Конан оглядел кровавую лужу, оставшуюся на том месте, где лежал кабан и где испустил свой дух вендиец. Вскинул копья на плечо, вытащил меч и двинулся назад по тропе тем же путем, каким и пришел. Однако держался киммериец уже не так настороженно.
Теперь он, не колеблясь, приступил к трапезе и расправился с подношениями, оставленными на поляне. Покончив с едой, Конан знал наверняка, кого из Рыбоедов он в первую очередь убьет. Это будет человек, изготовивший пиво.
Глава третья
Далеко на севере колдун по имени Лизениус сидел в пещере в скале, которую сама природа сотворила подобной стигийскому замку. Лизениус сидел и проклинал все на свете. Он был вне себя от ярости.

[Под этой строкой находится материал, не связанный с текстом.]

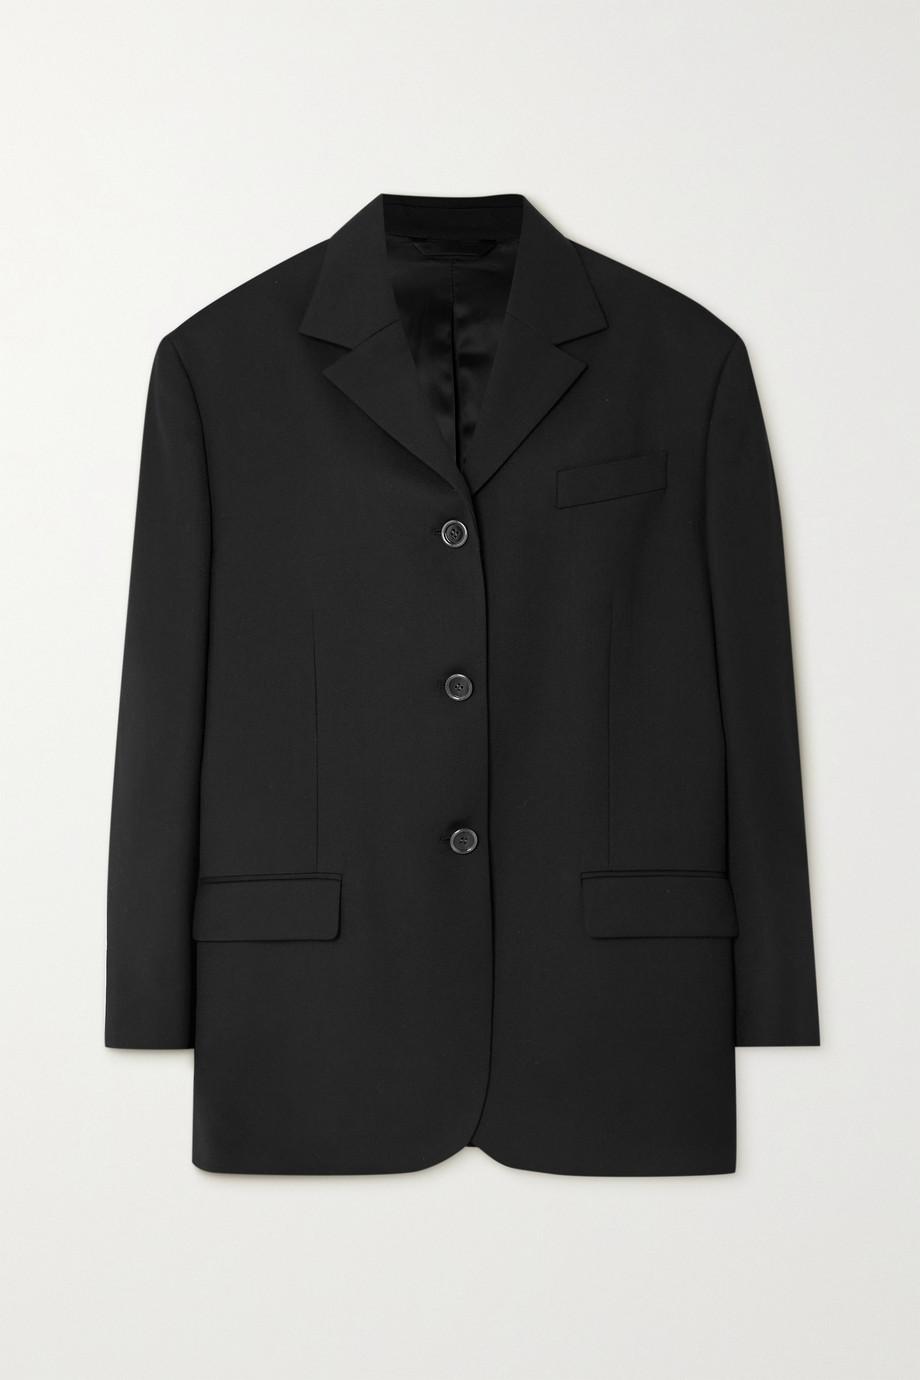 Acne Studios Woven blazer

Никто в Черных Королевствах не слышал его проклятий. А если бы и слышали, то не поняли бы. Впрочем, эти проклятия слышала только его дочь Скира. Она имела возможность наслаждаться ими слишком часто, чтобы обращать на них внимание.
Лизениус бранился часто и часто посылал проклятия. Иногда эти проклятия доносились до кое-кого из пиктов, которые слышали их в завываниях ночного ветра. Пикты делали знаки, отвращающие беду, и шептали друг другу, что на этот раз гнев «белого шамана» столь велик, что наверняка восстановит против него богов. И против них, пиктов!
Пикты предпочитали держаться подальше от места сражения, если шаману придется воевать с богами.
Конан недолго ломал себе голову над вопросом, кого увидели в нем бамула: друга или врага, простого смертного или чародея. Обычно подобные вопросы он оставлял ученым и писакам, которым все равно нечем занять свои дни.
Впрочем, здесь, в Черных Королевствах, Конан был вне досягаемости писак и школяров. День сменялся днем, дни текли, неотличимые один от другого. Для Конана это было чередование еды, сна, охоты, купания в чистых, холодных протоках, возни с оружием. Рыбоеды больше не приносили подношений. Но дичи и спелых фруктов вокруг было навалом. Только глупец мог умереть от голода в Черных Королевствах.
Конан глупцом не слыл и потому питался хорошо. Когда же покидал убежище, глаза у него вырастали на затылке, а уши — на коленях и локтях. В один прекрасный день Рыбоеды могли зайти дальше, нежели отказать ему в подношениях, отправившись сюда, в поисках девиц, чьи фантазии вынудили их уйти с Идоссо. В здешних землях не стоило пренебрегать подобной опасностью.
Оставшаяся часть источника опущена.